# Pur Blau oder Grün ?



## falco60V (18. September 2009)

Hi,

War schon lange nicht mehr in St Ingbert, wollte morgen mal eine Runde auf der Pur drehen.
Jetzt die Frage : ich kenne die Blaue,  wie sieht es mit der Grüne aus ?

Besser, anders.....schwerer ????

Wie ist mittlerweile die Trasse und die Schilderung ?

Gruß

Alex


----------



## gemorje (18. September 2009)

Die grüne ist länger und meiner Meinung nach schöner. 
Jetzt, wo der Bewuchs wieder etwas lichter wird, lässt die Beschilderung eigentlich nichts zu wünschen übrig.
Einzig und allein sollte man auf die Farben aufpassen.
Durch manche Brillengläser (rot bzw blau) sehen die verdächtig gleich aus.


----------



## MTB-News.de




----------



## mit-alu-heizen (19. September 2009)

Ich bin die grüne gestern mittag gefahren, und kann mich nur anschließen. Die Tour ist superschön von der Landschaft her und ein paar richtig geile Trails eingebaut. Sind auch ein paar schöne heizer-Passagen drin, also alles was des Herz begehrt.

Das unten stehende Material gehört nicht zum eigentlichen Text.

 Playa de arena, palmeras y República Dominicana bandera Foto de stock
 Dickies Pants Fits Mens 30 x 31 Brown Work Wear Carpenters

Ausschilderung ist top Verfahren meiner Meinung unmöglich.

VG
Marco


----------



## falco60V (20. September 2009)

Hi,

Wa gestern auf der grüne. Ich würde aber nicht behaupten dass die grüne schöner als die blaue ist. Ja Landschaftlich gibt es auf der grüne mehr Abwechslung aber ich finde dass der anteil an ST nicht so gross ist.

Schade das  die Hügeln zwichen Niederwürtzbach und St IGB nicht gut für die Streke benutzt wurden sind.
Der Sarr MTB Marathon war da doch einfallsreicher.

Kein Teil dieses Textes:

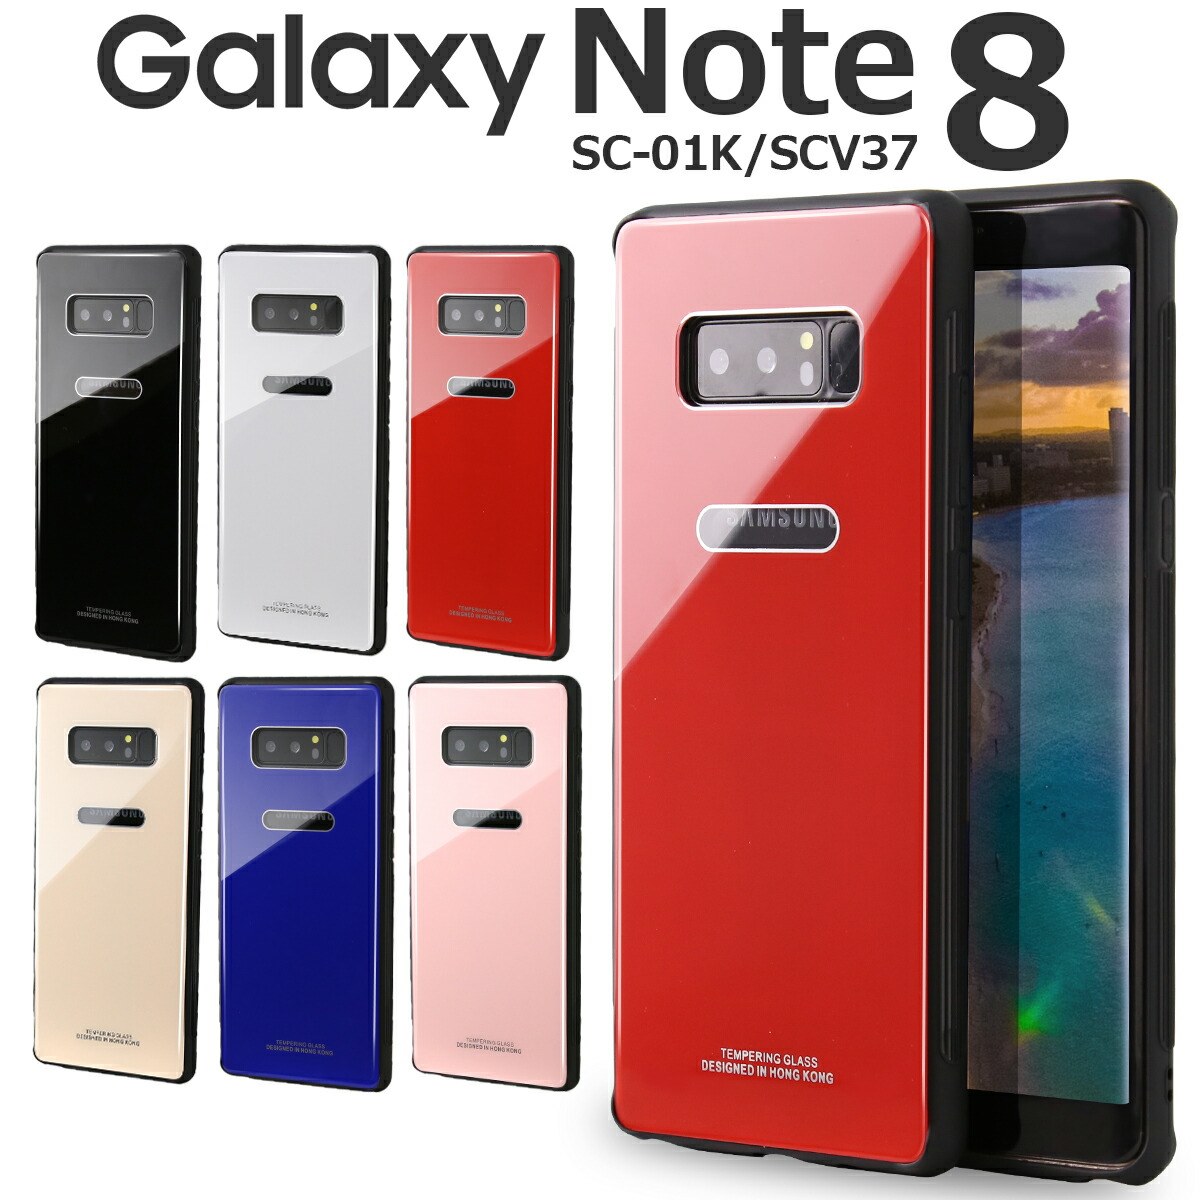 【最大30 OFFクーポン】 Galaxy Note8 ケース Galaxy Note8 カバー Galaxy Note8 sc-01k ケース スマホケース 韓国 SC-01K SCV37 スマホ ケース カバー 背面9Hガラスケース クリスタルケース スマホケース かっこいい おしゃれ スマホカバー シンプル sale

Die Childerung ist mittlerweile eins A und die Trails sind super fahrbar !

Wir franzosen sind nicht immer vorbildlich, aber Punkto Höflichkeit sind die Dingmater zum :kotz:
Grüsst bei euch denn keiner 

MfG

Alex


----------



## Klausoleum (20. September 2009)

War heute auch auf der Grünen unterwegs... musste feststellen dass die grünen Pfeilchen mit der Zeit blau werden 

vll nicht soo ganz Vorteilhaft und verwirrend^^ zum Glück hatte ich die GPS Daten dabei ;-) 
kann ich nur jedem empfehlen... 

Streckentechnisch schön zu fahren... aber die Verlockung war doch groß an der ein oder anderen Abbiegung, auf der die Pur über Waldautobahn ging auf einen Trail abzubiegen...

Würd fast behaupten 60/40 Trail/AB schätz ich mal einfach so...


----------



## Heggebangadd (23. September 2009)

falco60V schrieb:


> Wir franzosen sind nicht immer vorbildlich, aber Punkto Höflichkeit sind die Dingmater zum :kotz:
> Grüsst bei euch denn keiner
> 
> MfG
> ...



Bin sehr häufig in Frankreich (zwischen Spicheren, Petite Rosselle, Woustviller usw.) unterwegs. Im Gegensatz zu Deutschland grüssen mich hier die "vetetistes" fast immer, die Fussgänger springen sofort zur Seite, sobald sie mich bemerken, machen Platz, grüssen freundlich und bedanken sich auch wenn man sie auf einem schmalen Weg vorbeilässt.
Manchmal wird man an steilen Bergen sogar angefeuert.

In Deutschland grüssen ca 20% der Radfahrer zurück. Die meisten Fussgänger sind wohl der Meinung, der Wald gehört ihnen. Auch wenn man anhält, freundlich grüsst und ihnen Platz macht, kann man froh sein wenn man sich keine Beschimpfungen anhören muss:kotz:
Zurückgegrüsst wird seehr selten.


----------